# Creating Datasets: PurpleAir
Documentation on source code used to generate the AirThings datasets.

In [42]:
import matplotlib.pyplot as plt
import matplotlib.dates as mdates
import seaborn as sns

import pandas as pd
import numpy as np

import sys
sys.path.append("../")
from src.data import make_purpleair_dataset, make_airthings_dataset, make_dataset

#import warnings
#warnings.filterwarnings('ignore')

%load_ext autoreload
%autoreload 2

The autoreload extension is already loaded.

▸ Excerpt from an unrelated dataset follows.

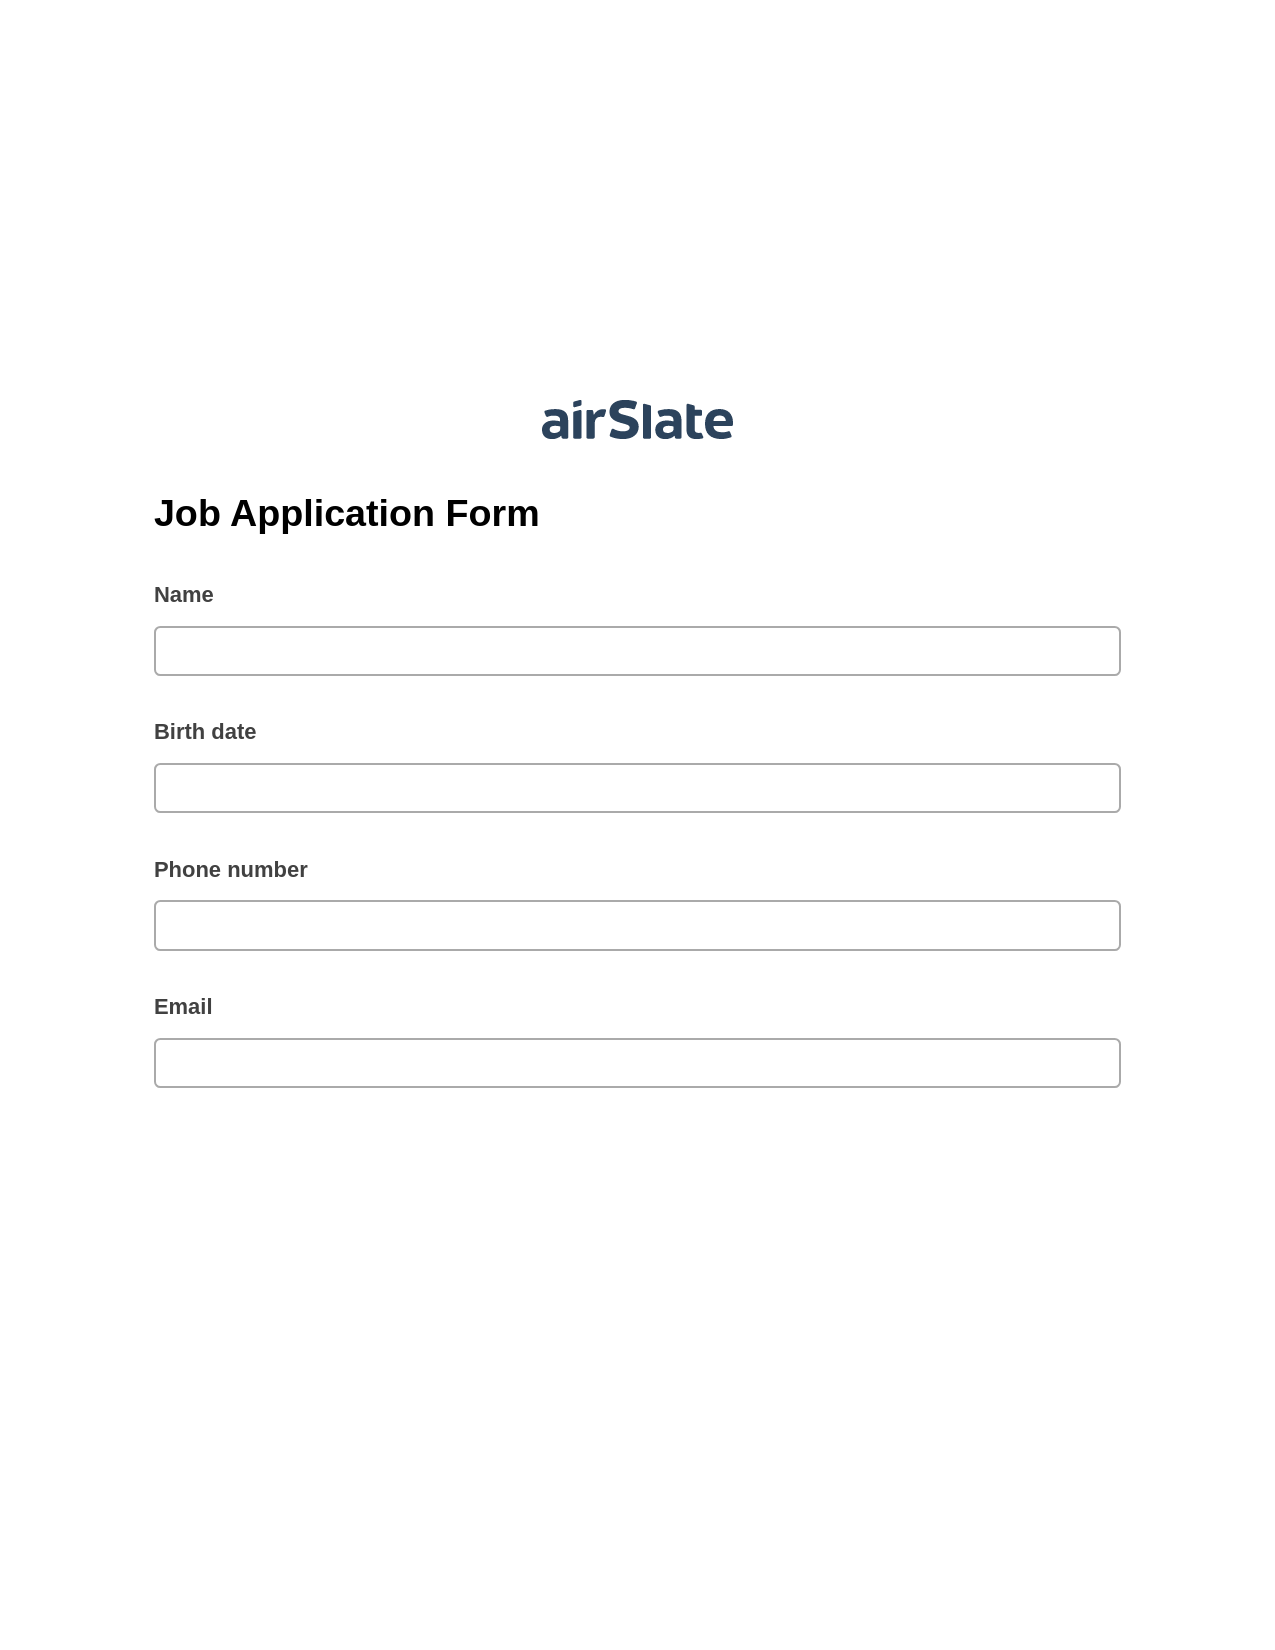 Multirole Job Application Form Pre-fill Slate from MS Dynamics 365 Records Bot, SendGrid send Campaign bot, Slack Two-Way Binding Bot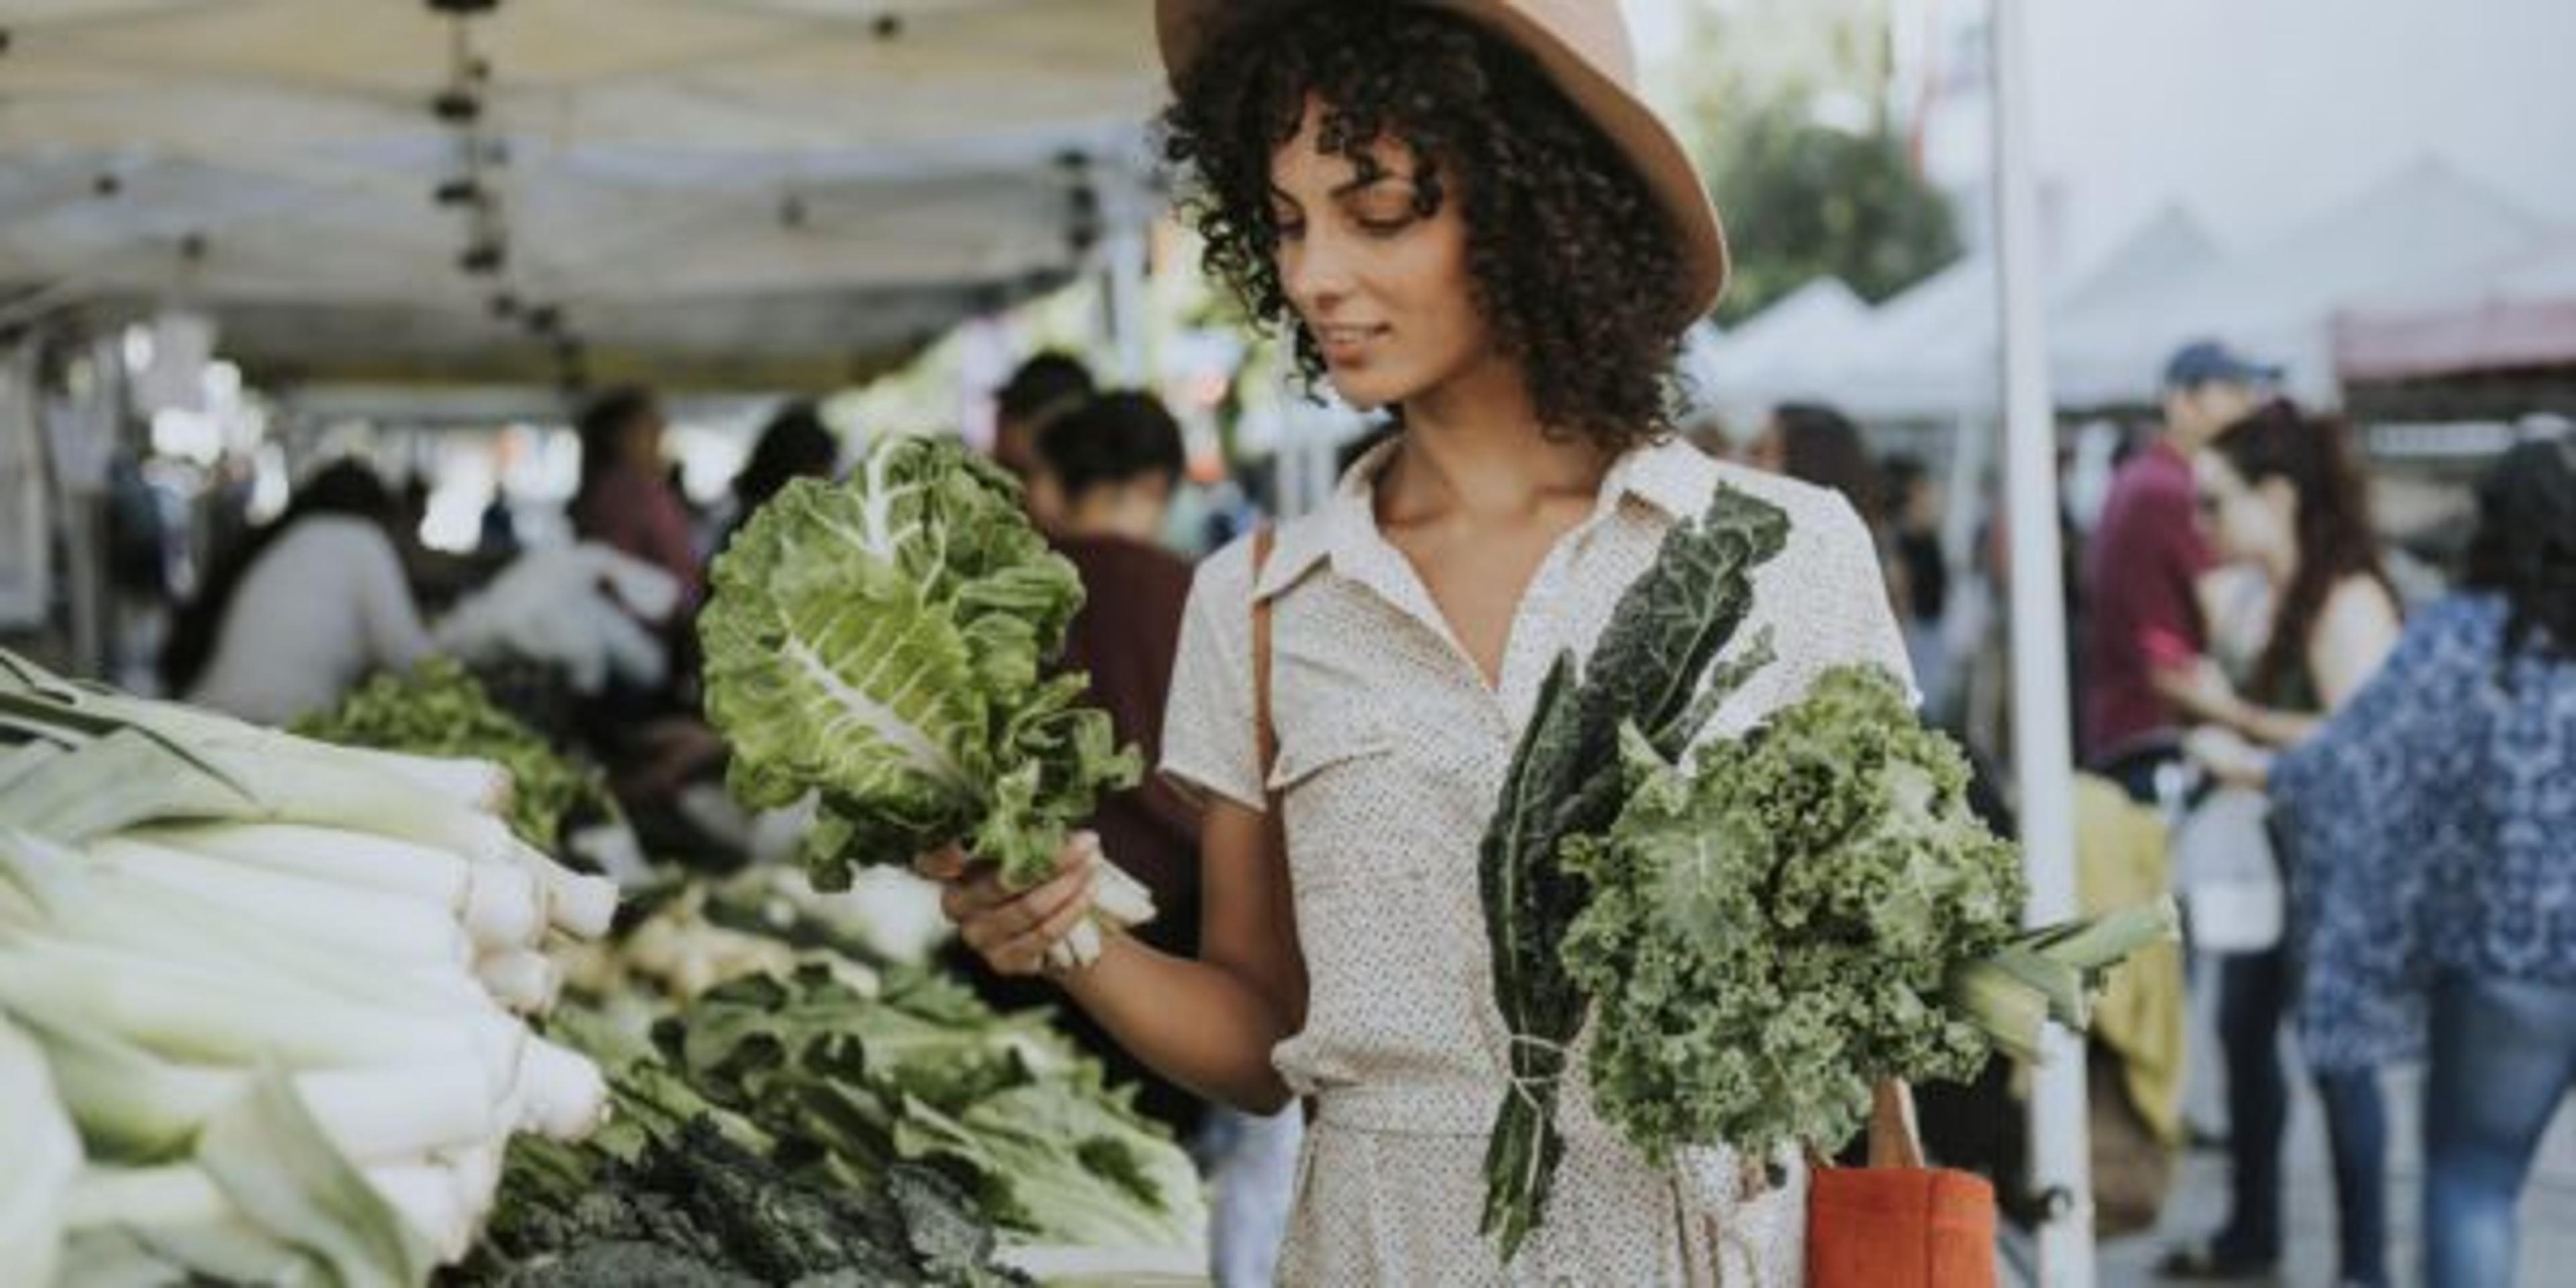 Woman buys kale at a farmer's market

To reload it, use:
  %reload_ext autoreload


---

# Table of Contents
1. [Creating an Object](#instantiating)
2. [Generating the Dataset](#generating_dataset)

---

<a id="instantiating"></a>

# Creating a `Process` Object
The line to create a `Process` object to pull PurpleAir data is shown below:

In [43]:
pa_processor = make_dataset.PurpleAir(start_date="20220501",end_date="20220517")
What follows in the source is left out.